Apart from the pictures, the listing is to be returned exactly.

**Input data:**
Content starts

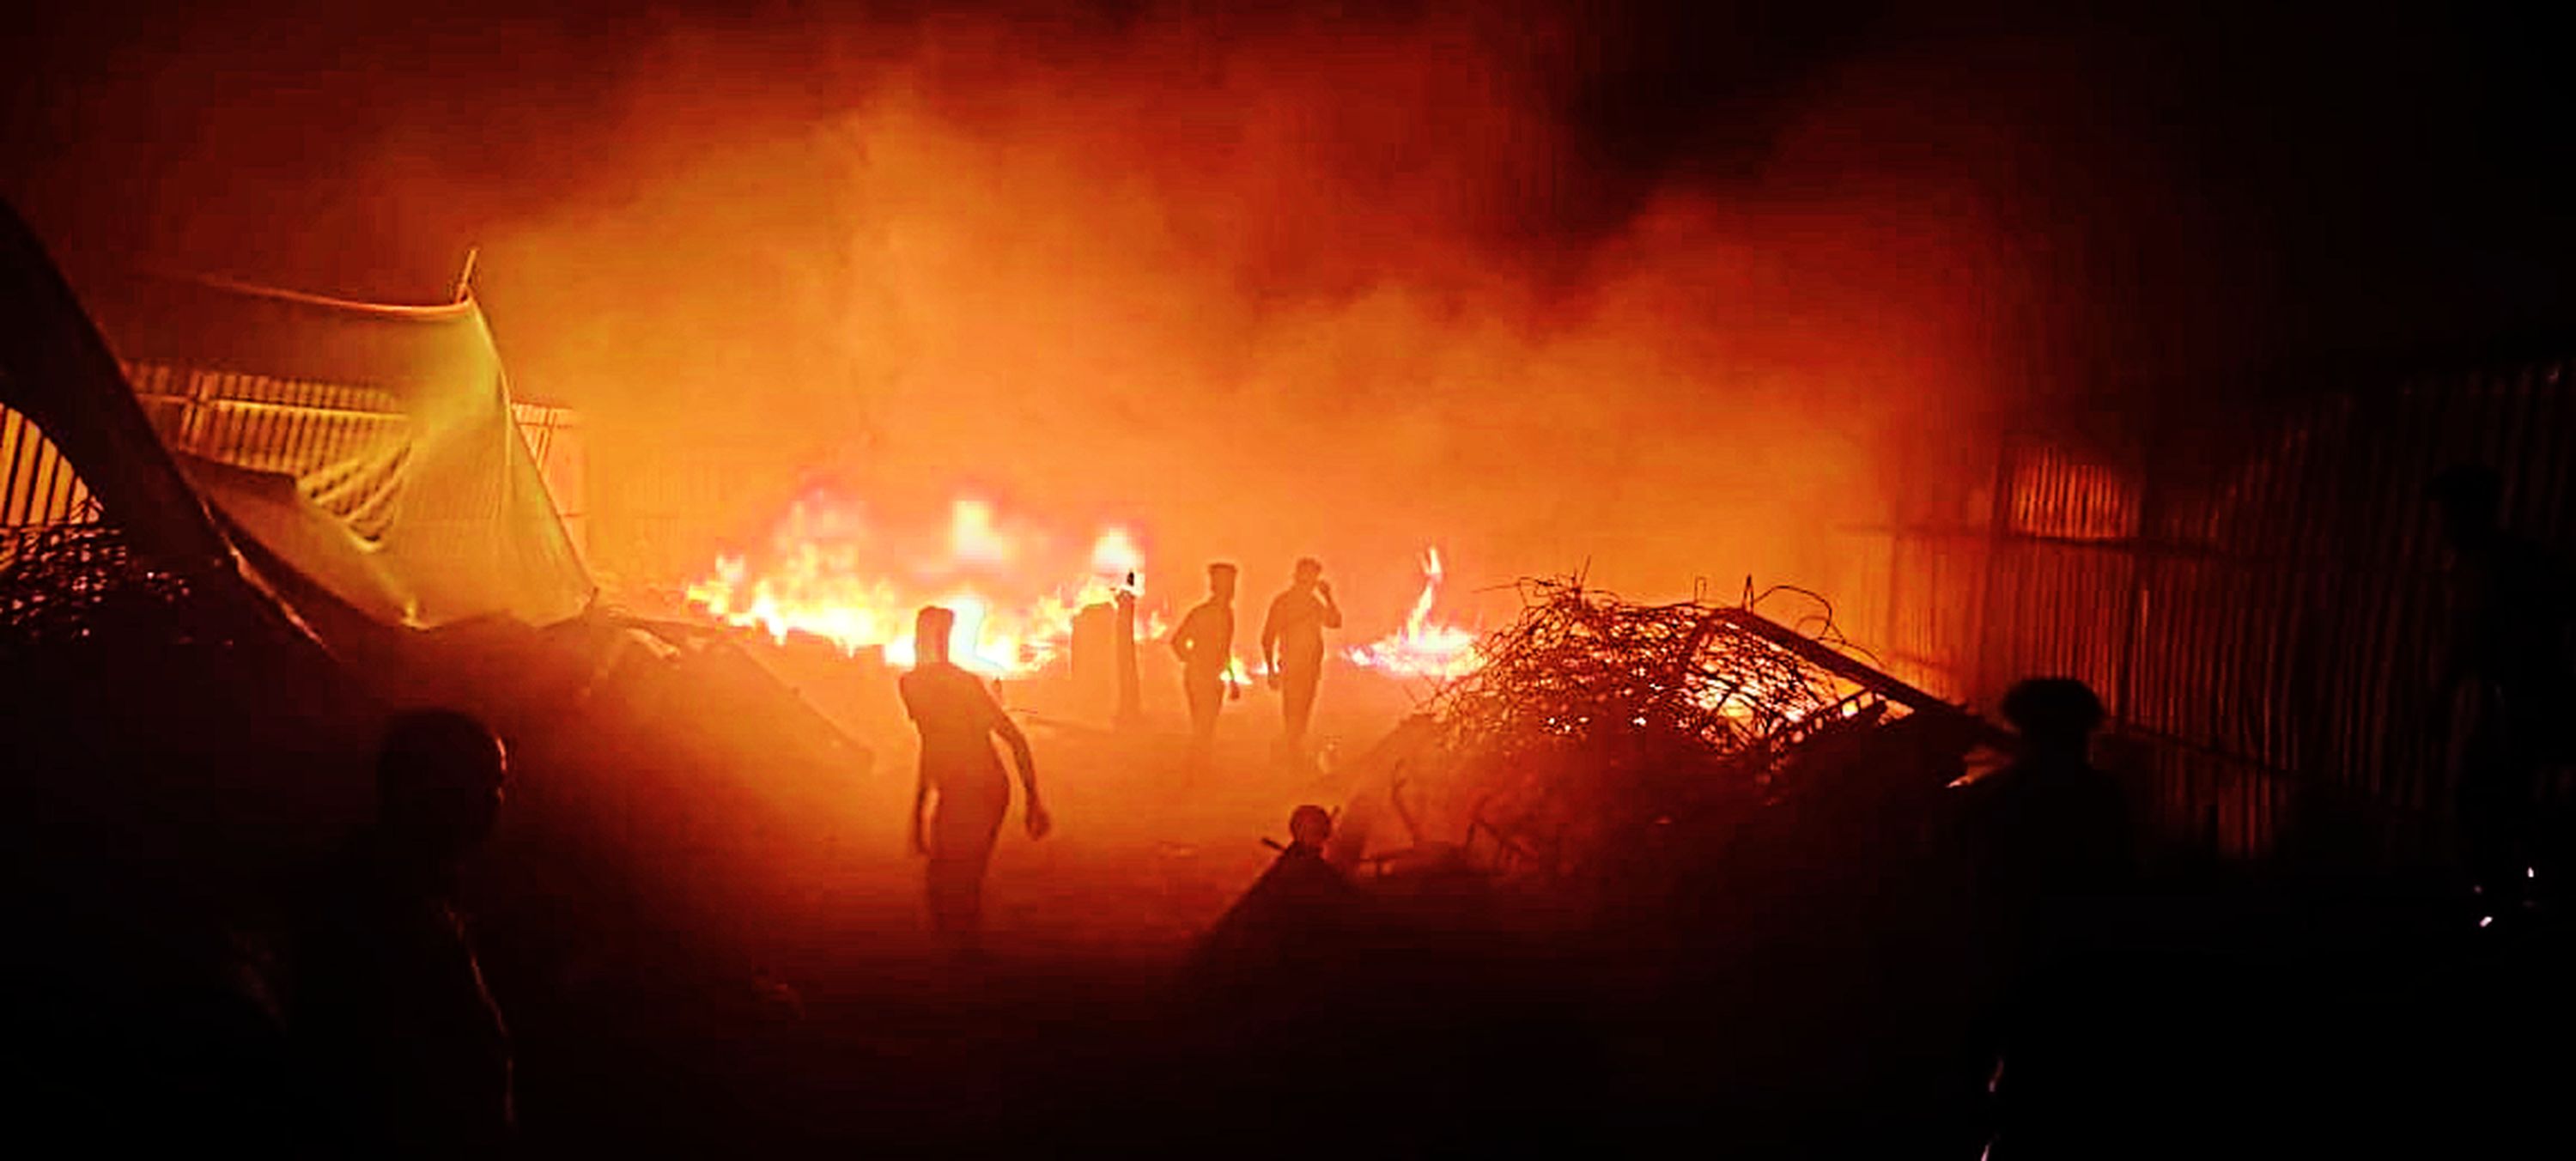 गोदाम में लगी भीषण आग
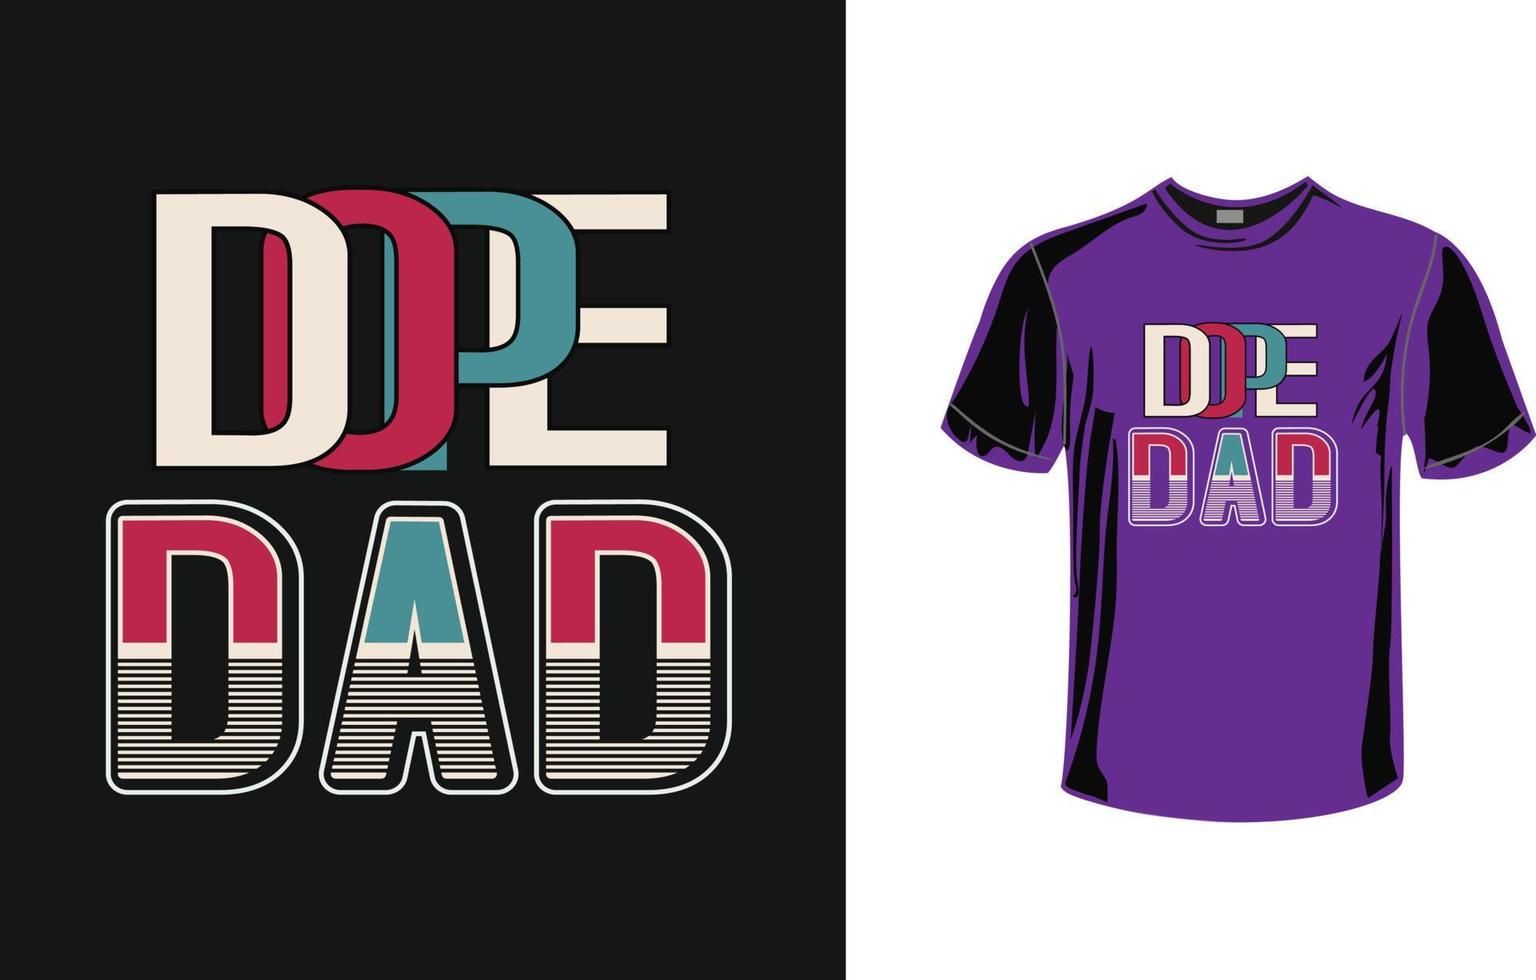 Dope dad tshirt design free vector
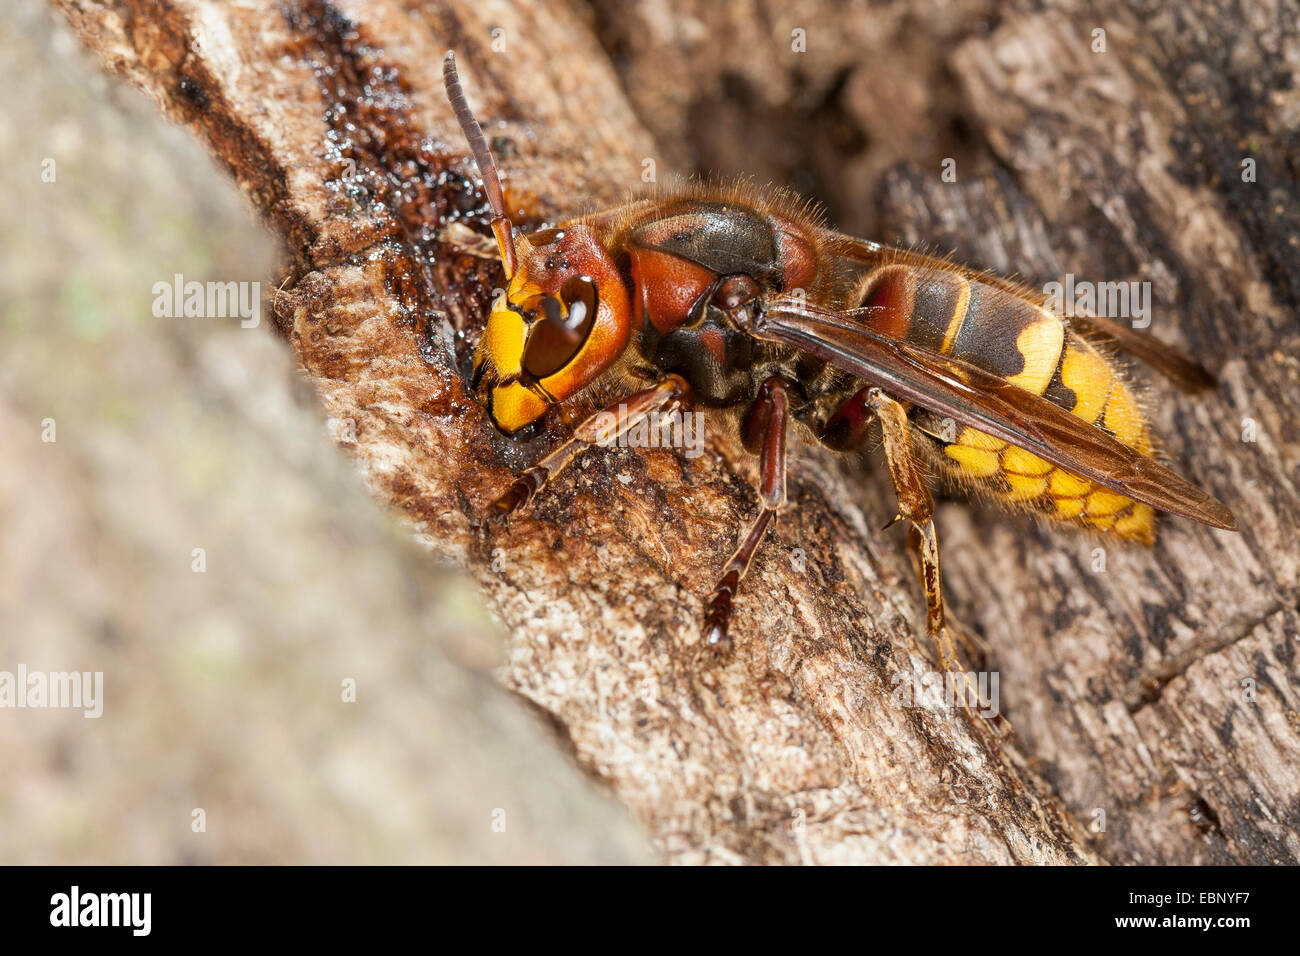 Hornet, brown, hornet hornet Européen (Vespa crabro), léchant le jus d'arbre à un tronc de chêne blessé, Allemagne Banque D'Images

Content ends

**Task solution:**
 गोदाम में लगी भीषण आग
 Dope dad tshirt design free vector
 Hornet, brown, hornet hornet Européen (Vespa crabro), léchant le jus d'arbre à un tronc de chêne blessé, Allemagne Banque D'Images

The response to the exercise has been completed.